Abstract
Takayasu’s arteritis is a chronic vasculitis of unknown aetiology involving the aorta and its main branches, the pulmonary and coronary tree. Women are affected more often than men (80 to 90% of the cases) with an age onset between 10 and 40 years. This case report demonstrates the limitations of exercise testing and stress echocardiography in diagnosing the extent of coronary artery disease in patients with inflammatory disease in the left main stem coronary artery. (Neth Heart J 2007;15:260-2.)

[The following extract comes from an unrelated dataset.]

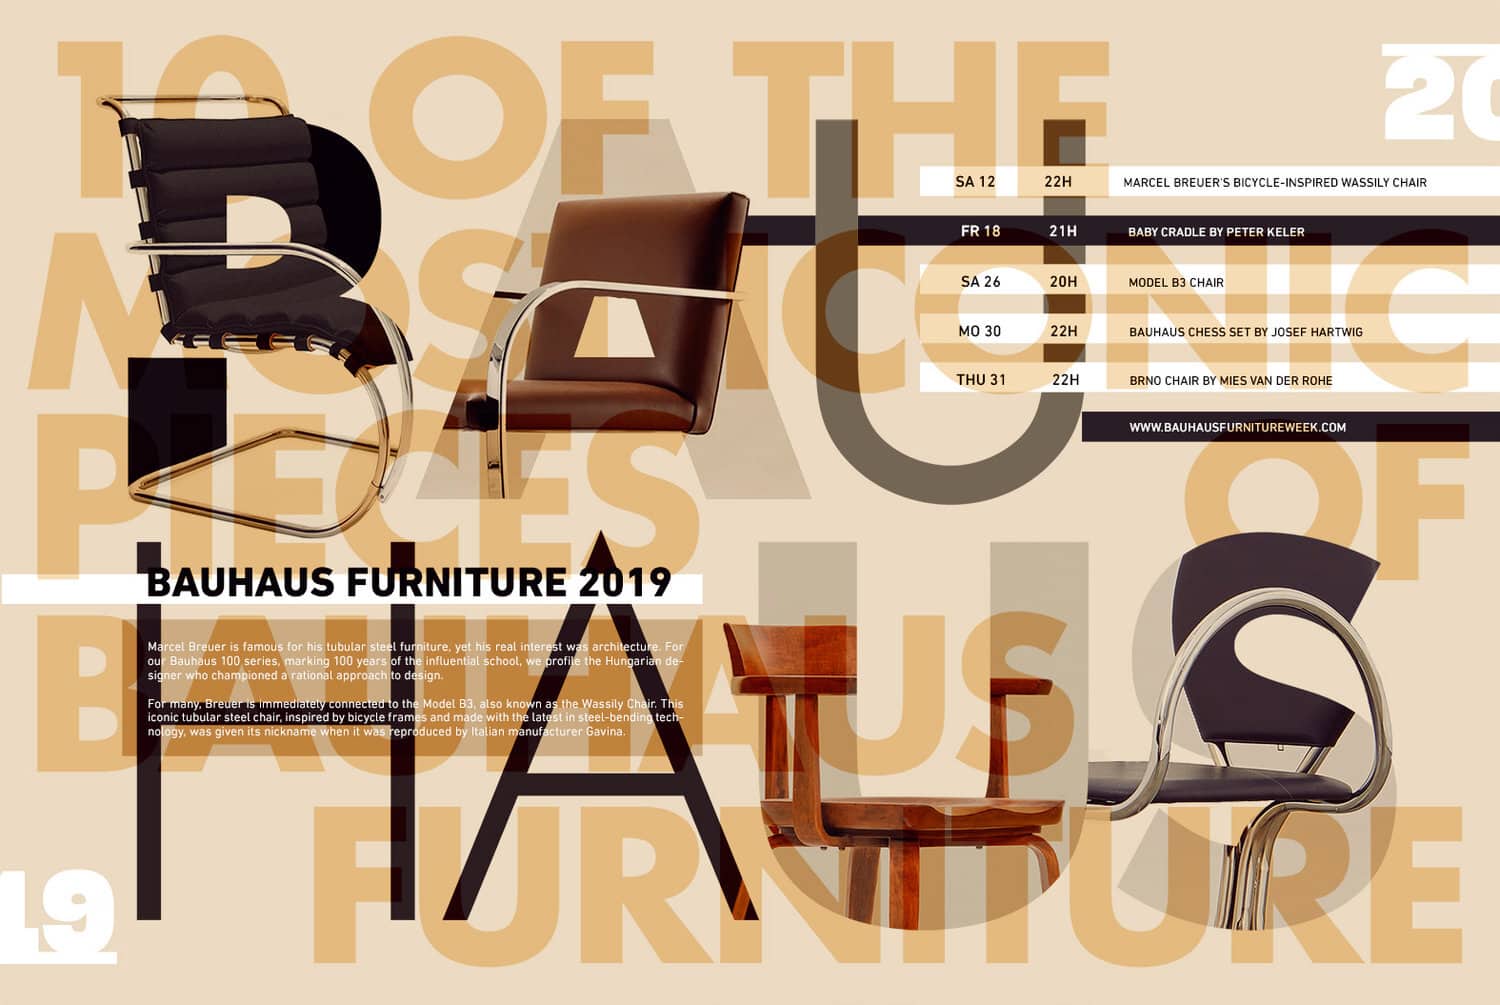 Bauhaus Furniture 2019
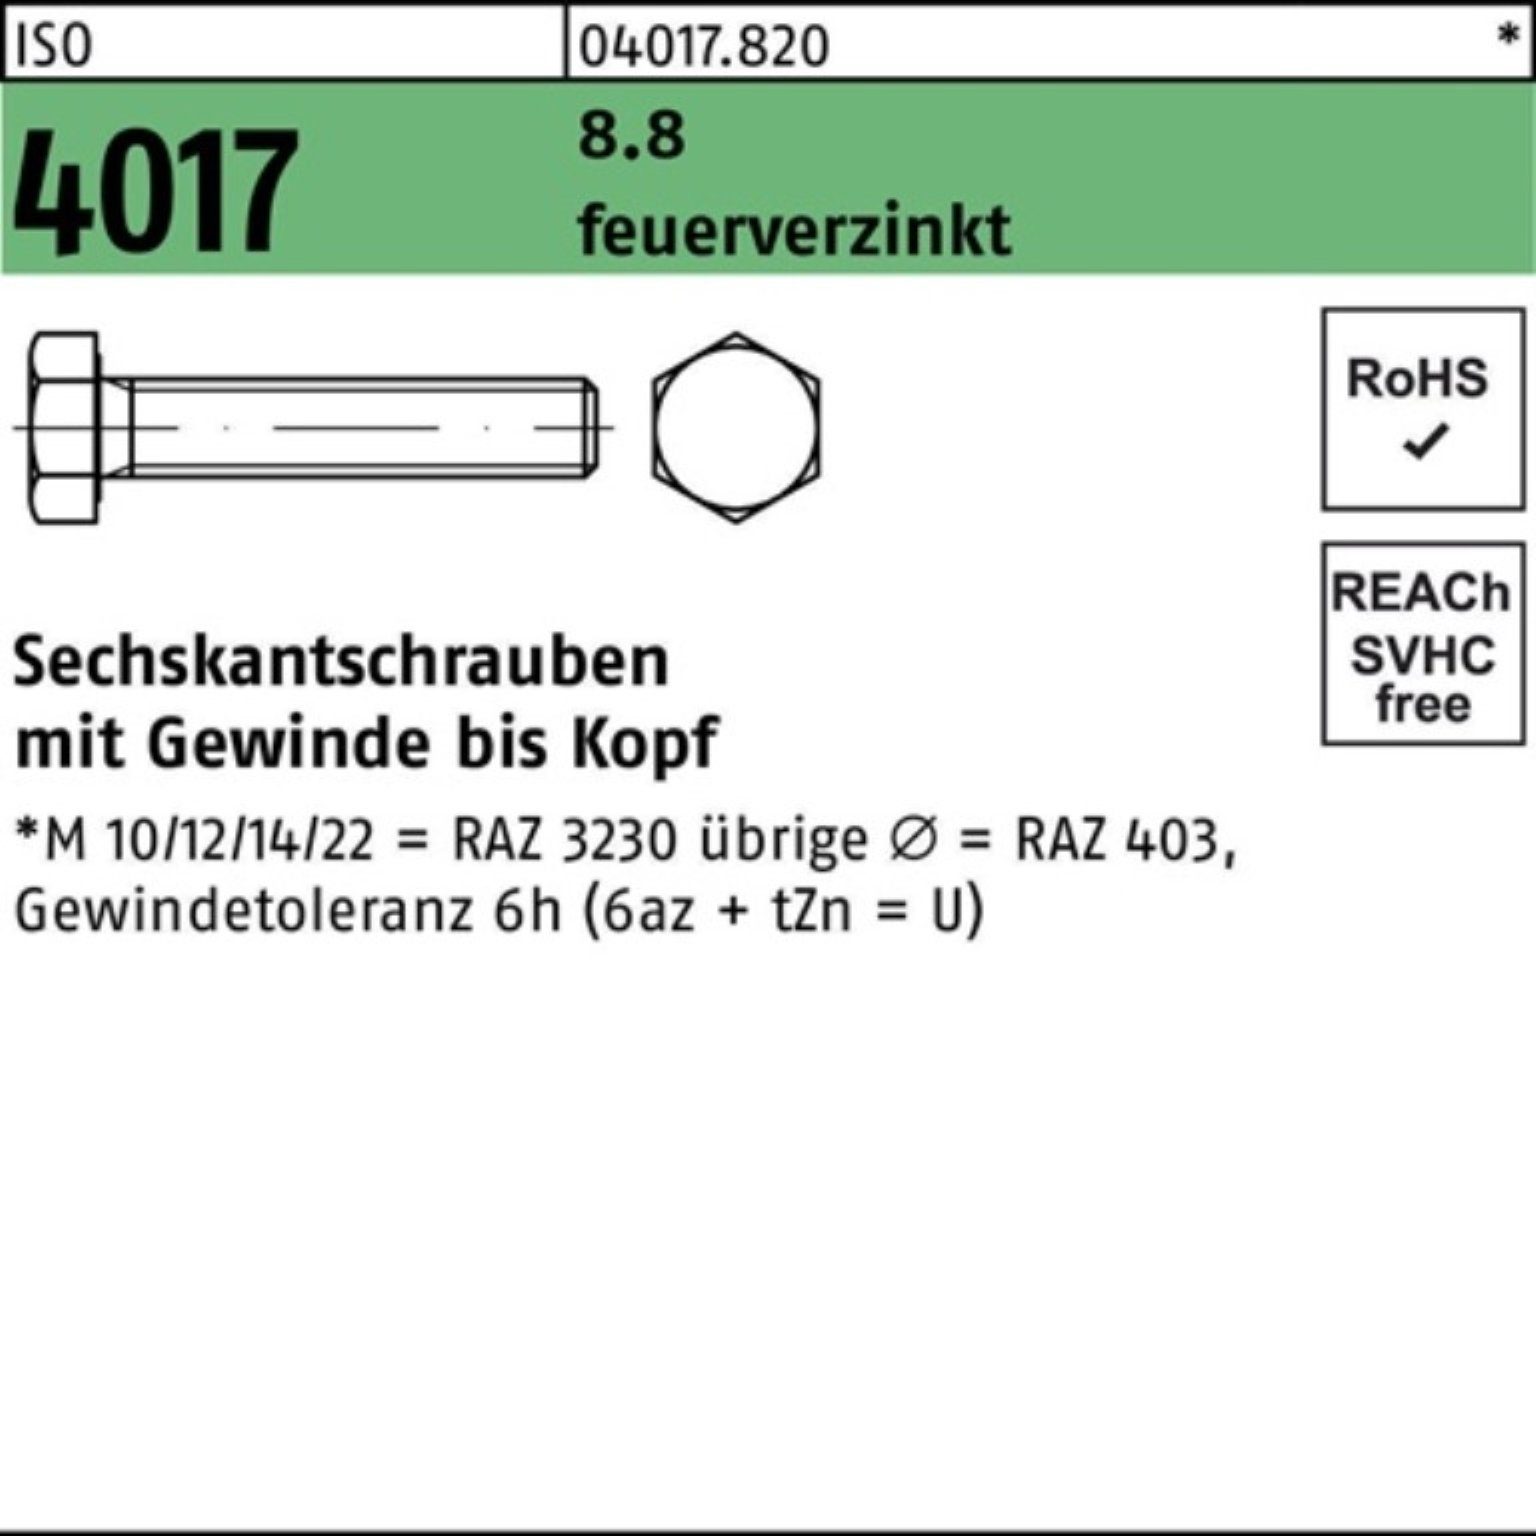 Bufab Sechskantschraube 100er Pack Sechskantschraube ISO 4017 VG M10x 60 8.8 feuerverz. 100 St

Keywords: left main stem disease, Takayasu’s arteritis, coronary artery bypass surgery
A 19-year-old female presented to the emergency room with a two-month history of exerciseinduced chest pain, which was getting worse in intensity and frequency. Regarding her past medical history, she had documented Takayasu’s arteritis, hypertension, nephrosclerosis of the left kidney and a right renal artery stenosis. Her physical examination was unremarkable. Laboratory tests, chest X-ray and the electrocardiogram were normal. Before her visit to the emergency room, a treadmill exercise test and a dobutamine stress echocardiogram had been performed in the outpatient clinic because of chest pain. Both investigations showed no evidence of myocardial ischaemia. The echocardiogram revealed a mild aortic regurgitation.
Because she was known to have Takayasu’s arteritis and her symptoms were typical for angina pectoris, coronary artery disease was suspected and coronary angiography was performed, despite normal stress echocardiography and treadmill exercise test. The angiogram revealed a pinpoint lesion of the left main stem, unresponsive to intracoronary nitroglycerin. The left anterior descending, circumflex and the right coronary arteries showed no abnormalities (figures 1A and B).
A. A 90 to 99% pinpoint lesion of the left main stem (LMCA=left main coronary artery). Intracoronary nitroglycerin was used to exclude coronary vasospasm. The remaining coronary arteries were normal. B. Right coronary artery (RCA) was normal.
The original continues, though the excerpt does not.